I have to be honest, I wasn’t a fan of homemade ice cream the first time I made it. In fact, my ice cream maker sat in the top of a barn for about 8 years after the overwhelmingly creamy, ultra-thick blackberry misadventure of 2006. The recipe had too much heavy cream ratio for this girl. Bleh. I decided to try making ice cream again one last time – my way – before putting my practically new ice cream machine into a garage sale. And it was good. It was more than good. It was perfect.
I did a very (un)scientific poll to find out what everyone’s favorite ice cream flavors were – I posted a Facebook status to ask my friends. So, without further ado, I now introduce you to everyone’s favorite ice cream… chocolate chip mint.
- 2 3/4 cups sugar
- 1 teaspoon salt
- 4 cups heavy whipping cream
- 5 cups milk
- 1 tablespoon peppermint extract
- Small amount of green food coloring (optional for your visual well being)
- 1 1/2 cups mini semi-sweet chocolate chips
- 10-pound bag ice cubes, for chilling
- 3 cups Ice cream salt, for chilling
Put all ingredients into ice cream canister and stir well. Place the blade in & lid on canister tightly so that no ice cream salts get inside.
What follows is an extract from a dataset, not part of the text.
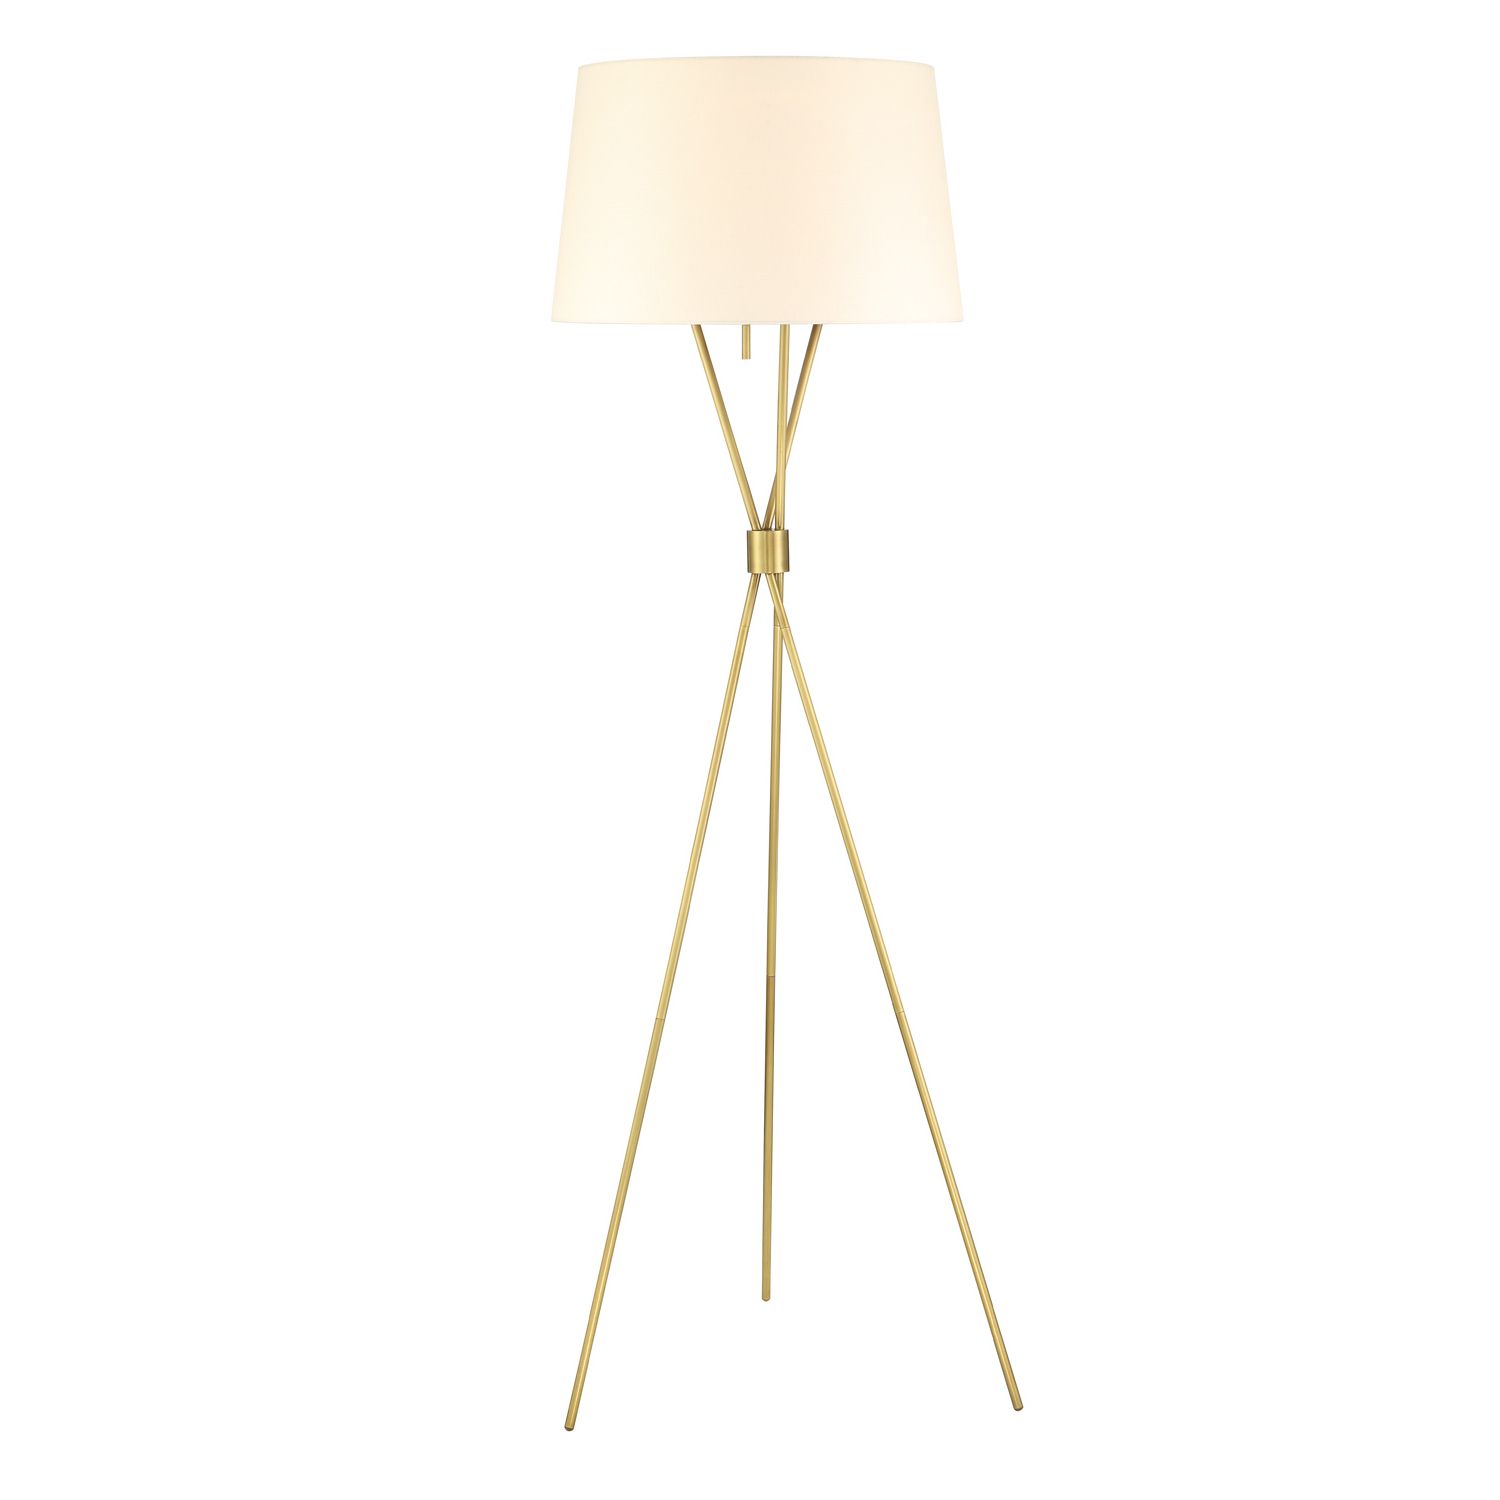 Lights | Lamps | Floor Lamps | Oliver Tripod Floor Lamp, Satin Brass Inside Satin Brass Floor Lamps (View 12 of 20)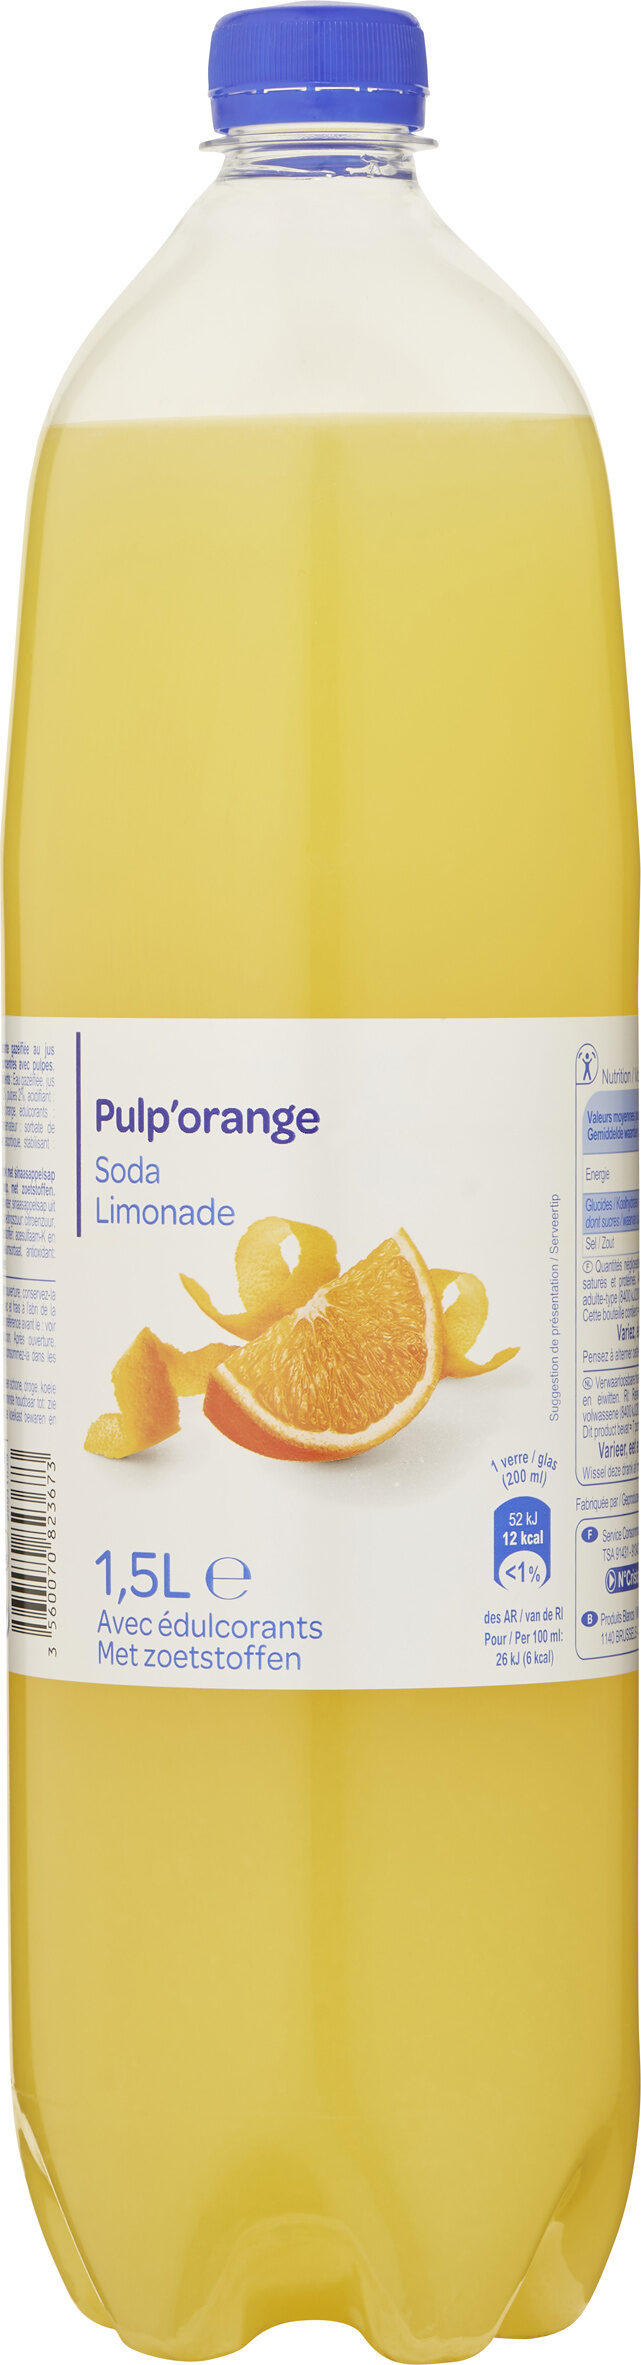 Pulp'Orange* Soda - Prodotto - fr

Finish putting ice cream maker together completely. Plug in the machine to make sure everything is set up correctly. If successful, unplug for now and go to the next step.
Place ice all around the bottom of the canister. Carefully pour a layer of ice cream salt over the ice. Continue these layers until you reach the top of the canister. Plug ice cream maker in again and allow it to churn until it stops (or almost stops) on its own. This will take about 20-40 minutes. You can serve right away, but it is best to freeze in an air-tight container for a couple of hours first so ice cream can firm up.
Oh, that joy that fills my soul… er… um… ice cream maker. I may need to make some to sell at my next garage sale.